Source

Speeding up Python code using multithreading

May 29, 2019

Hi lovely people! 👋 A lot of times we end up writing code in Python which does remote requests or reads multiple files or does processing on some data. And in a lot of those cases I have seen programmers using a simple for loop which takes forever to finish executing. For example:

import requests
from time import time

url_list = [
    "https://via.placeholder.com/400",
    "https://via.placeholder.com/410",
    "https://via.placeholder.com/420",
    "https://via.placeholder.com/430",
    "https://via.placeholder.com/440",
    "https://via.placeholder.com/450",
    "https://via.placeholder.com/460",
    "https://via.placeholder.com/470",
    "https://via.placeholder.com/480",
    "https://via.placeholder.com/490",
    "https://via.placeholder.com/500",
    "https://via.placeholder.com/510",
    "https://via.placeholder.com/520",
    "https://via.placeholder.com/530",
]

def download_file(url):
    html = requests.get(url, stream=True)
    return html.status_code

start = time()

for url in url_list:
    print(download_file(url))

print(f'Time taken: {time() - start}')

Output:

<--truncated-->
Time taken: 4.128157138824463

This is a sane example and the code will open each URL, wait for it to load, print its status code and only then move on to the next URL. This kind of code is a very good candidate for multi-threading.

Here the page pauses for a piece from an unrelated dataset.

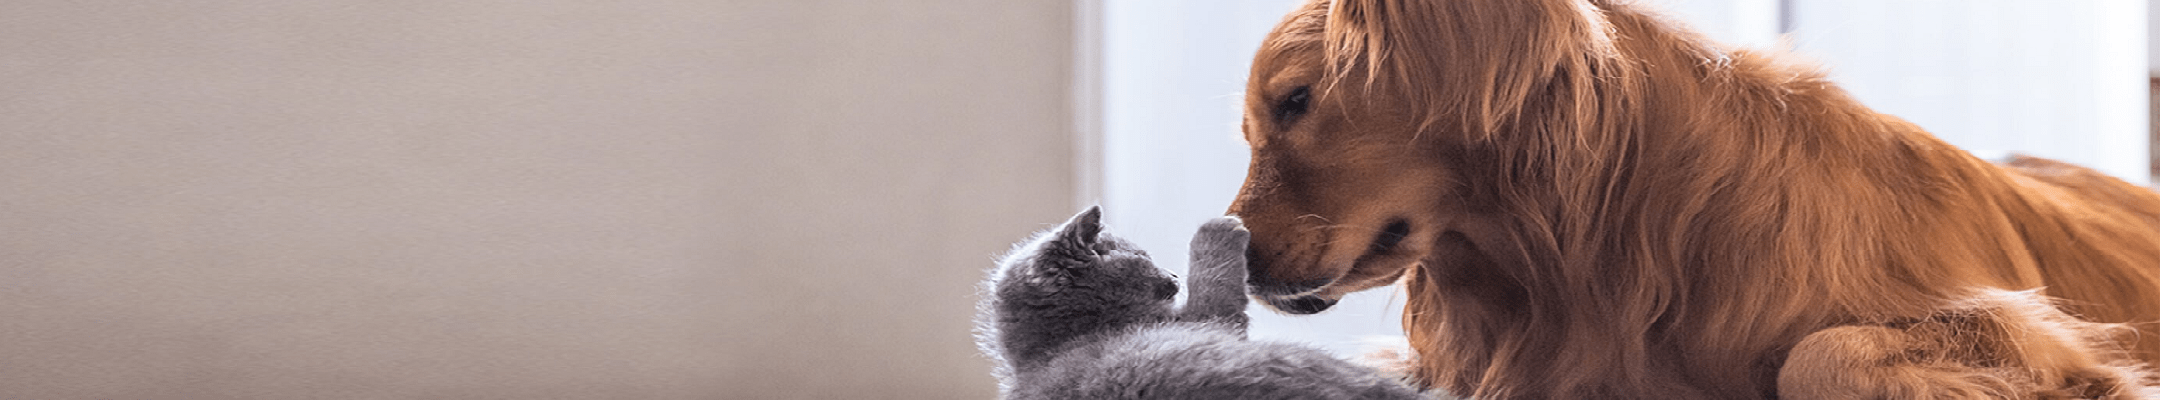 Tratamento de pulgas Advantage® para cães e gatos

Modern systems can run a lot of threads and that means you can do multiple tasks at once with a very low over-head. Why don’t we try and make use of that to make the above code process these URLs faster?

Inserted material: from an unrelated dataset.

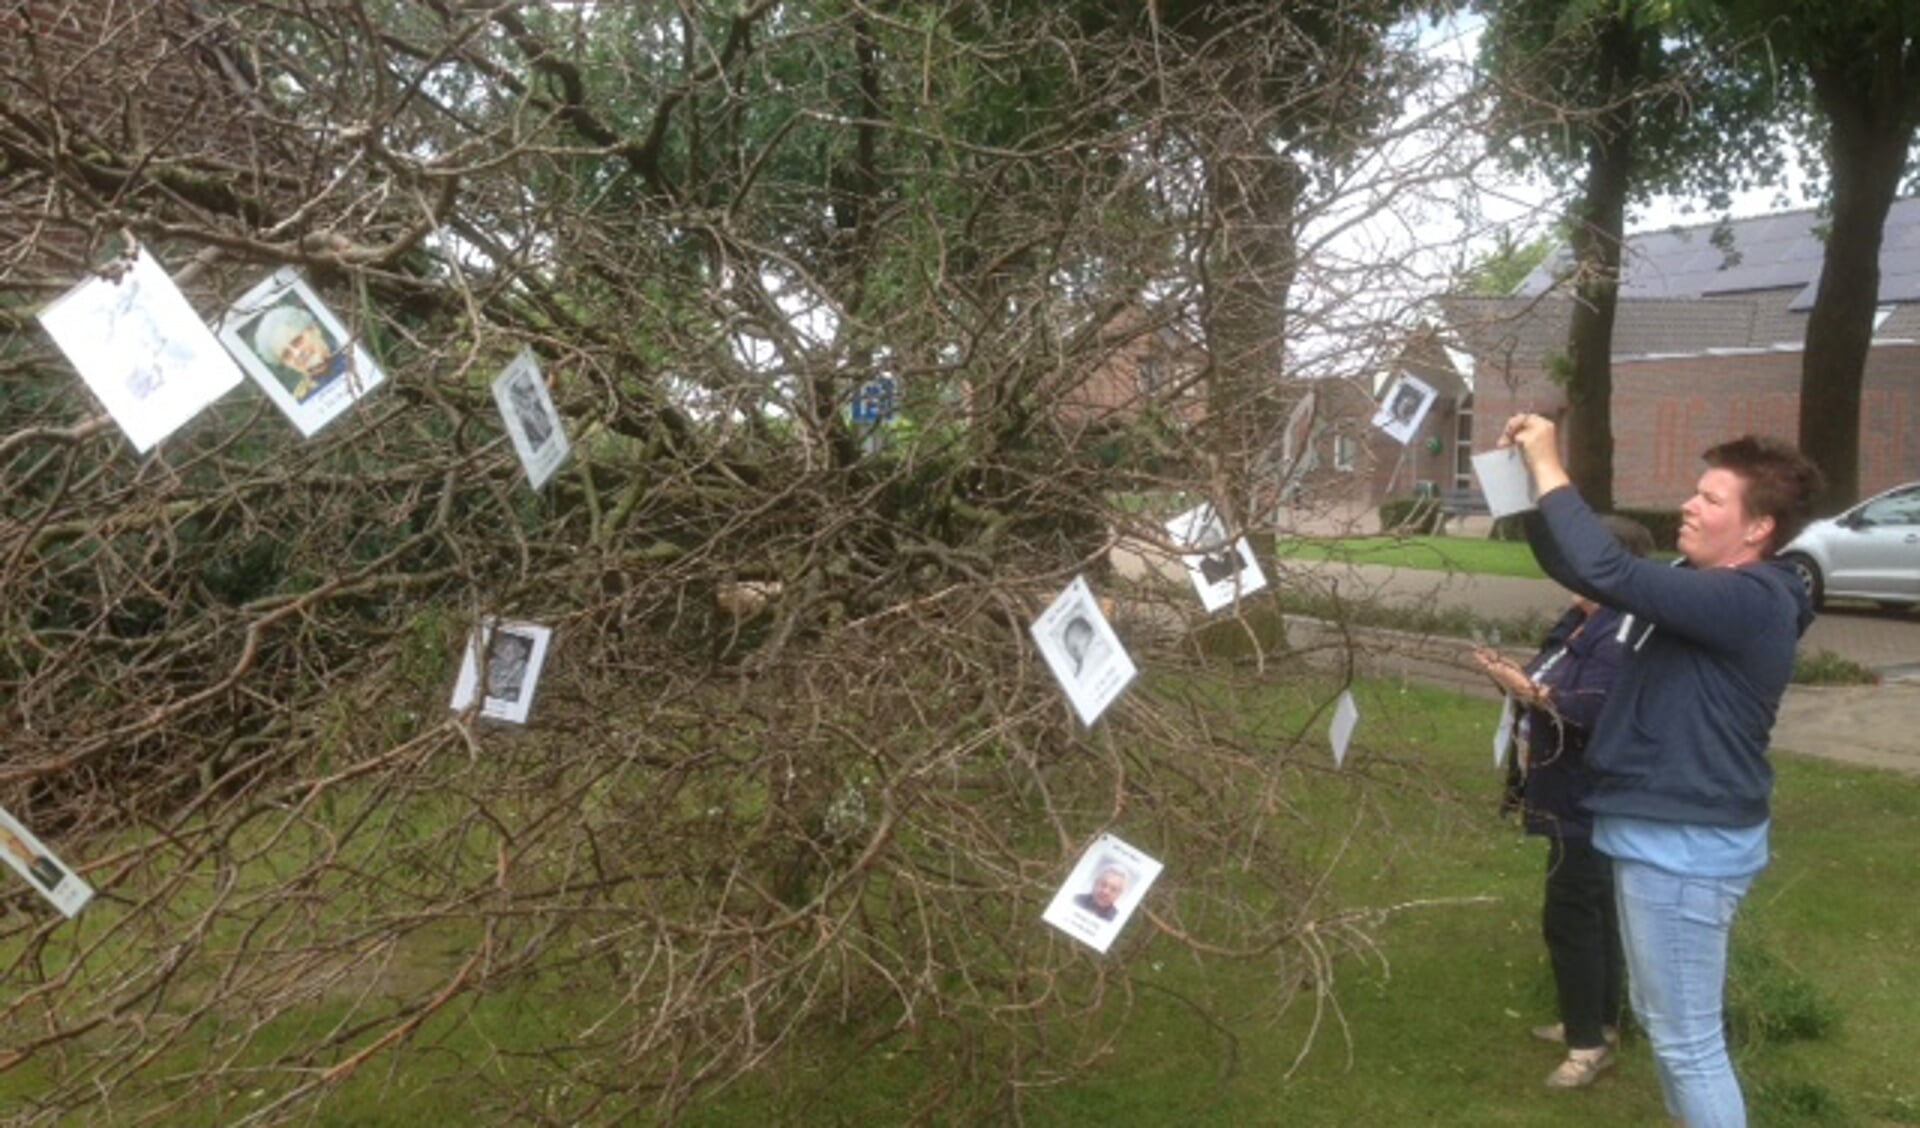 De bidprentjes worden in de herinneringsboom in hartje Veulen gehangen. Foto: Ron Koenen.

We will make use of the ThreadPoolExecutor from the concurrent.futures library. It is super easy to use. Let me show you some code and then explain how it works.

import requests
from concurrent.futures import ThreadPoolExecutor, as_completed
from time import time

url_list = [
    "https://via.placeholder.com/400",
    "https://via.placeholder.com/410",
    "https://via.placeholder.com/420",
    "https://via.placeholder.com/430",
    "https://via.placeholder.com/440",
    "https://via.placeholder.com/450",
    "https://via.placeholder.com/460",
    "https://via.placeholder.com/470",
    "https://via.placeholder.com/480",
    "https://via.placeholder.com/490",
    "https://via.placeholder.com/500",
    "https://via.placeholder.com/510",
    "https://via.placeholder.com/520",
    "https://via.placeholder.com/530",
]

def download_file(url):
    html = requests.get(url, stream=True)
    return html.status_code

start = time()

processes = []
with ThreadPoolExecutor(max_workers=10) as executor:
    for url in url_list:
        processes.append(executor.submit(download_file, url))

for task in as_completed(processes):
    print(task.result())


print(f'Time taken: {time() - start}')

Output:

<--truncated-->
Time taken: 0.4583399295806885

We just sped up our code by a factor of almost 9! And we didn’t even do anything super involved. The performance benefits would have been even more if there were more urls.

So what is happening? When we call executor.submit we are adding a new task to the thread pool. We store that task in the processes list. Later we iterate over the processes and print out the result.

The as_completed method yields the items (tasks) from processes list as soon as they complete. There are two reasons a task can go to the completed state. It has either finished executing or it got cancelled. We could have also passed in a timeout parameter to as_completed and if a task took longer than that time period, even then as_completed will yield that task.

You should explore multi-threading a bit more. For trivial projects it is the quickest way to speed up your code. If you want to learn, more read the official docs. They are super helpful.

Have a good day! See you later!